I have tried to show in this article that there is nothing mystical or
profound about Bayes theorem although, of course, we've only scratched
the surface of how it can be applied in practice. The theorem does not
really allow us to calculate anything that we can't find out by other
means, but it has the advantage of being notationally compact, and
works directly with probabilities rather than counts.
Bayes' method frequently produces results that are in stark contrast to
our intuitive understanding. Consider the notorious
'fingerprint' example: it is intuitive that if the likelihood of
two people's having the same fingerprints is one in 100,000, then finding
person X's fingerprint on a murder weapon means that person X is the
murderer. Or, at least, it means that person X had his hand on the
murder weapon at some point. But, in fact, it means nothing of
the sort. The information we have is, in a sense, p(fingerprint|person X);
what we need is p(person X|fingerprint). To work that out, we
need to know also p(person X) and p(fingerprint). p(person X) is the likelihood
that person X is the culprit, leaving aside the fingerprint evidence;
p(fingerprint) is the likelihood that the particular fingerprint be found
on the weapon, leaving aside any other evidence.

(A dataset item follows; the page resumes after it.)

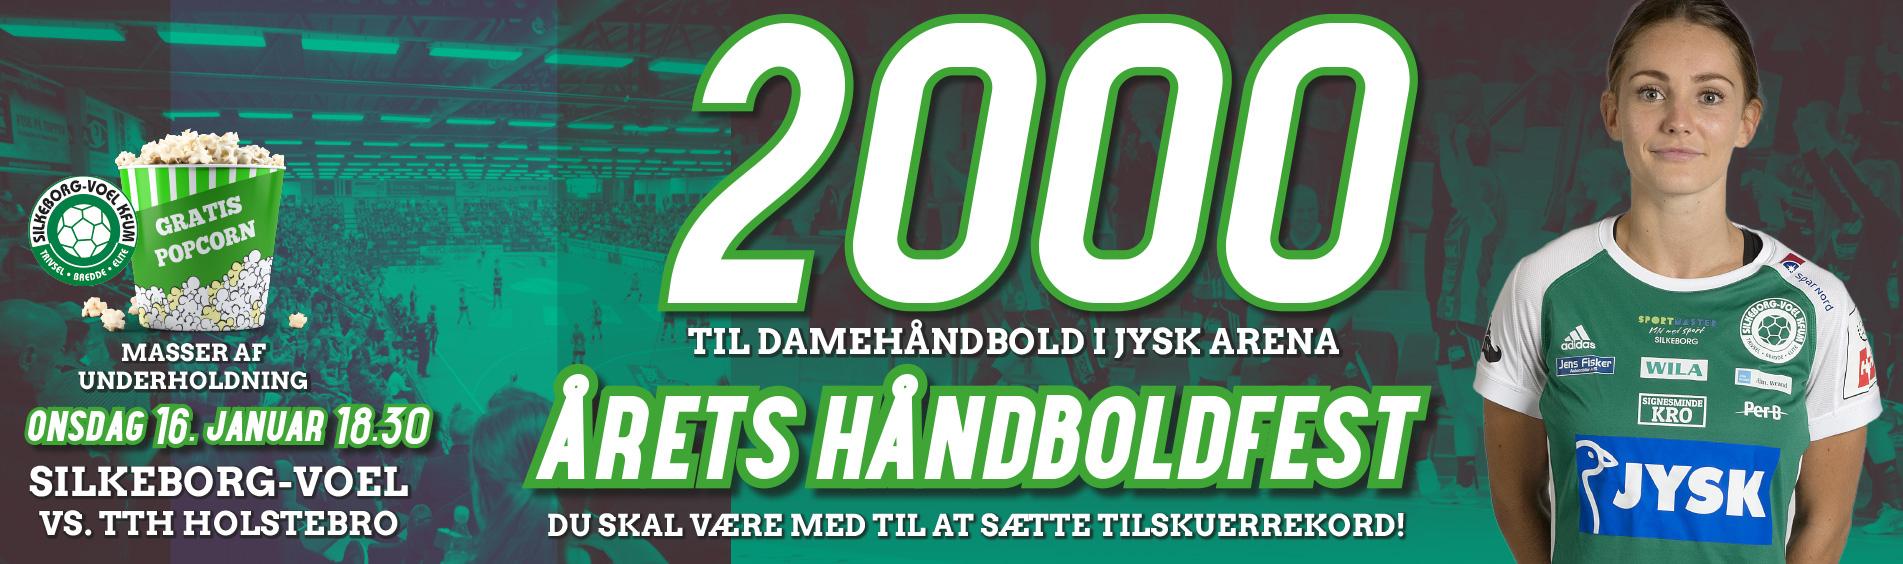 webbanner-2000tildhb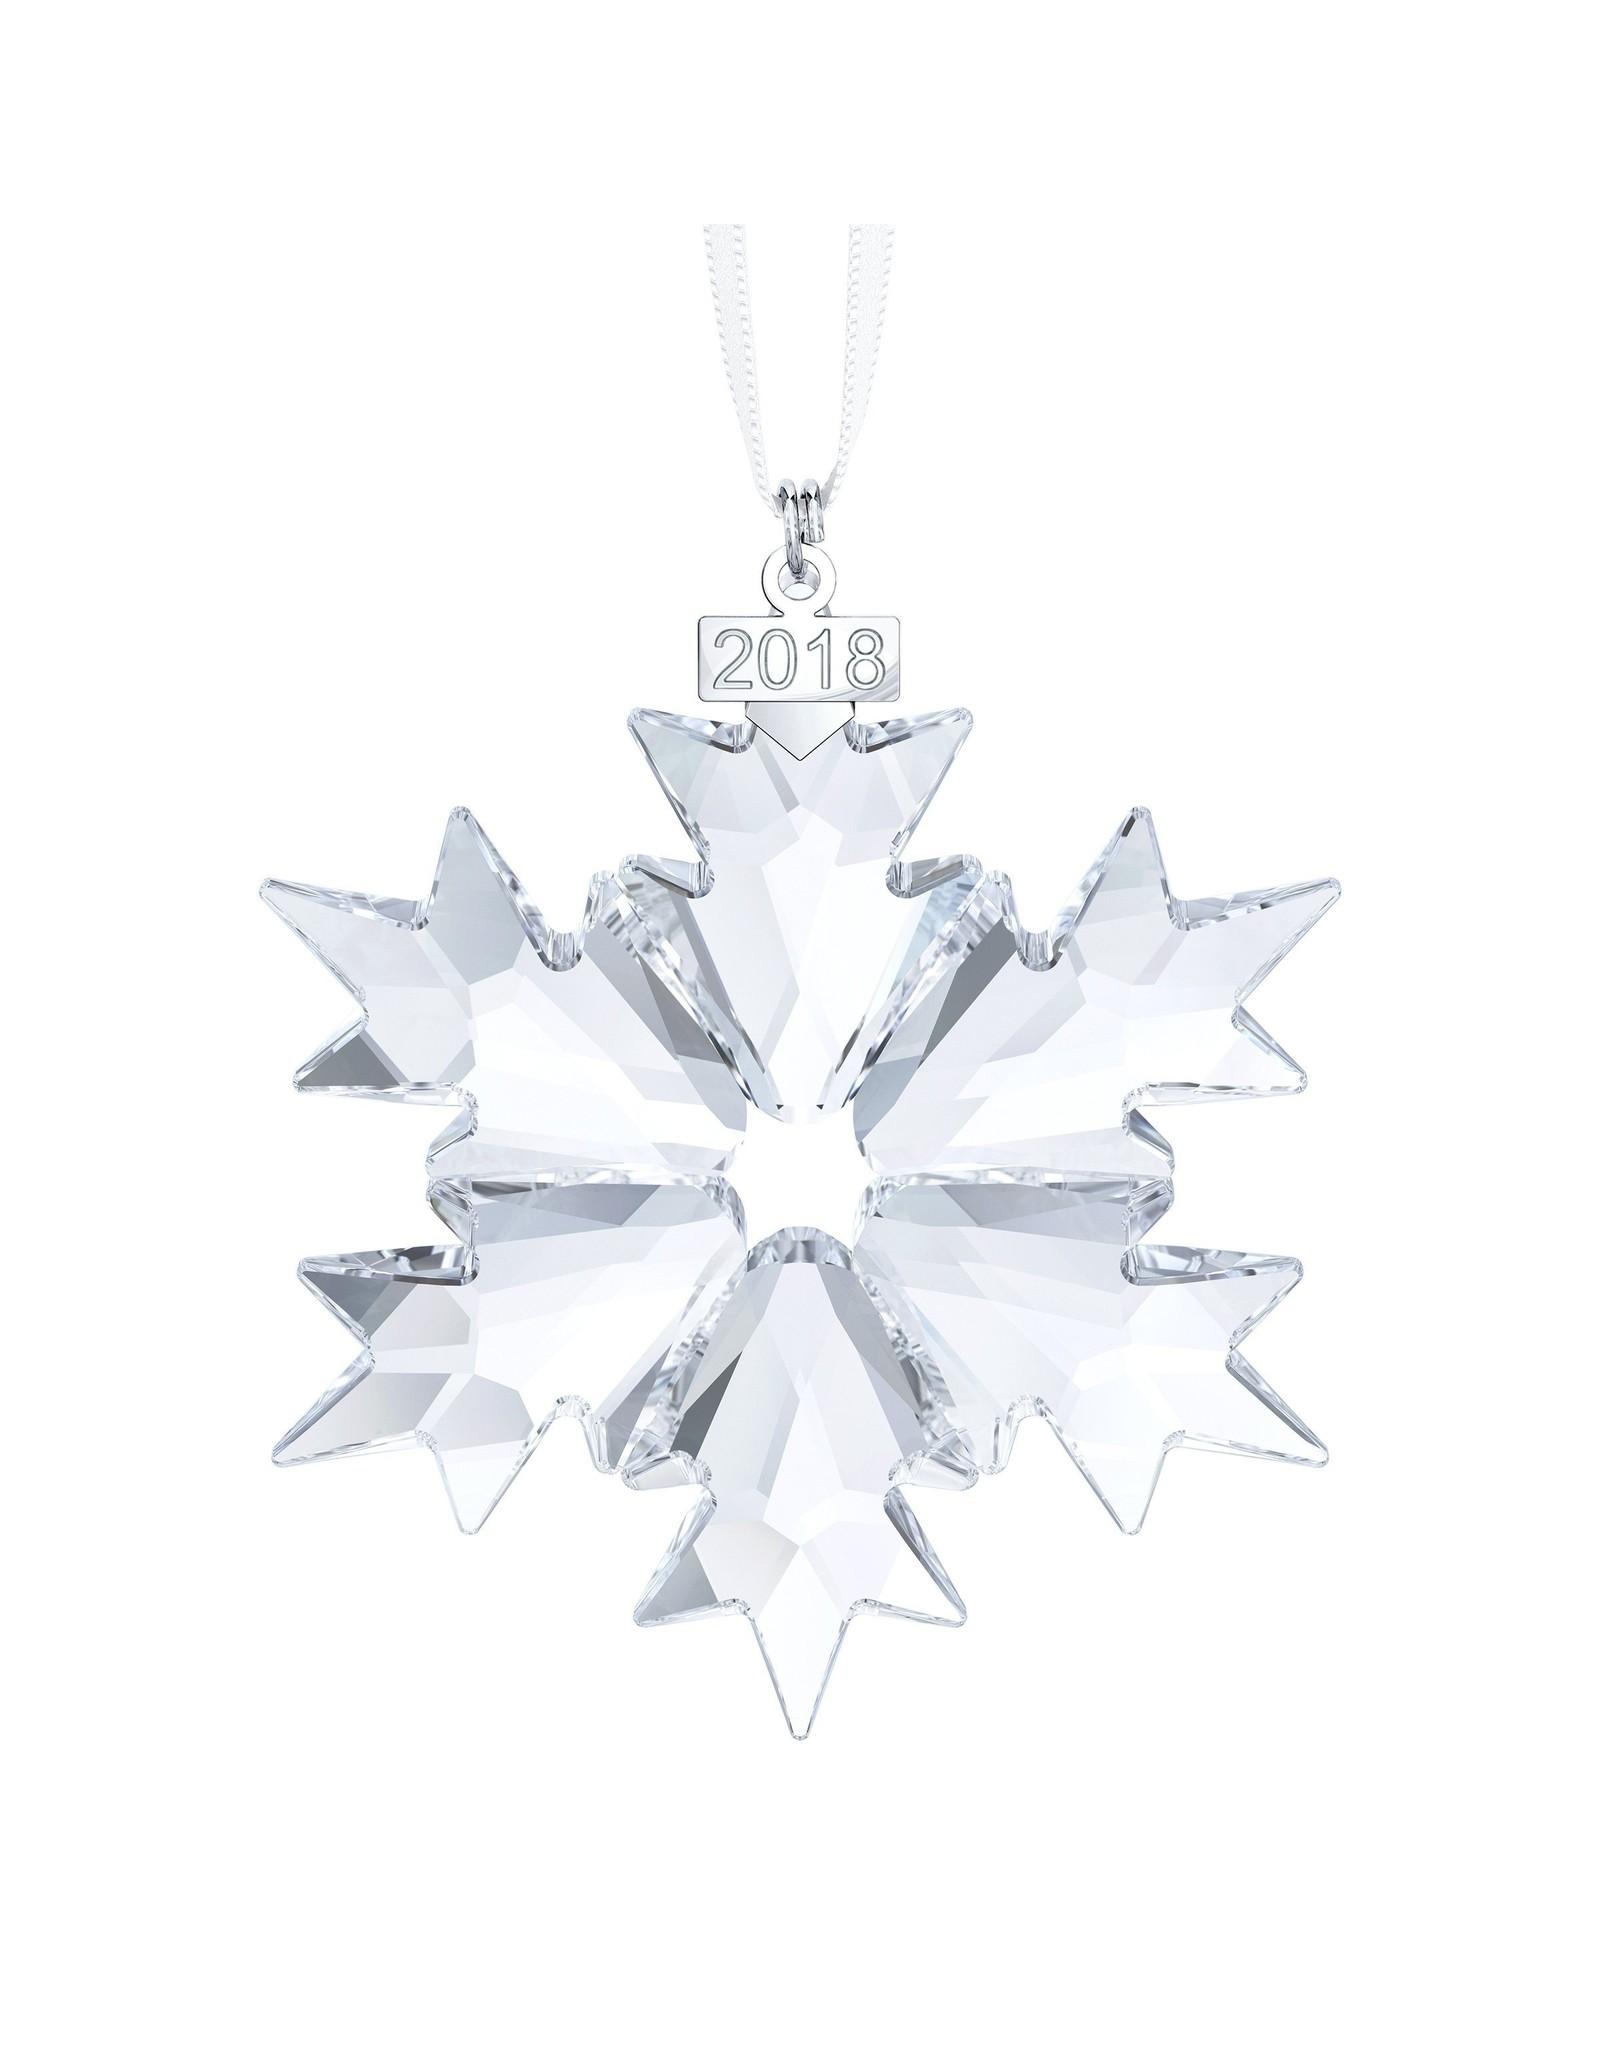 Swarovski Swarovski Christmas Ornament 2018

Now, it is highly
probable (pardon the pun) that we don't know p(person X) or p(fingerprint)
with any precision.
But the important point is that if p(person X) is very much less than
p(fingerprint) (perhaps because person X has a very strong alibi), then
the probability that person X is innocent will be very much higher
than one in 100,000. The incorrect assumption that
p(fingerprint|person X) = p(person X|fingerprint)
is what is known as the 'prosecutor's fallacy' in forensic science,
and Bayes tells us how serious an error it is.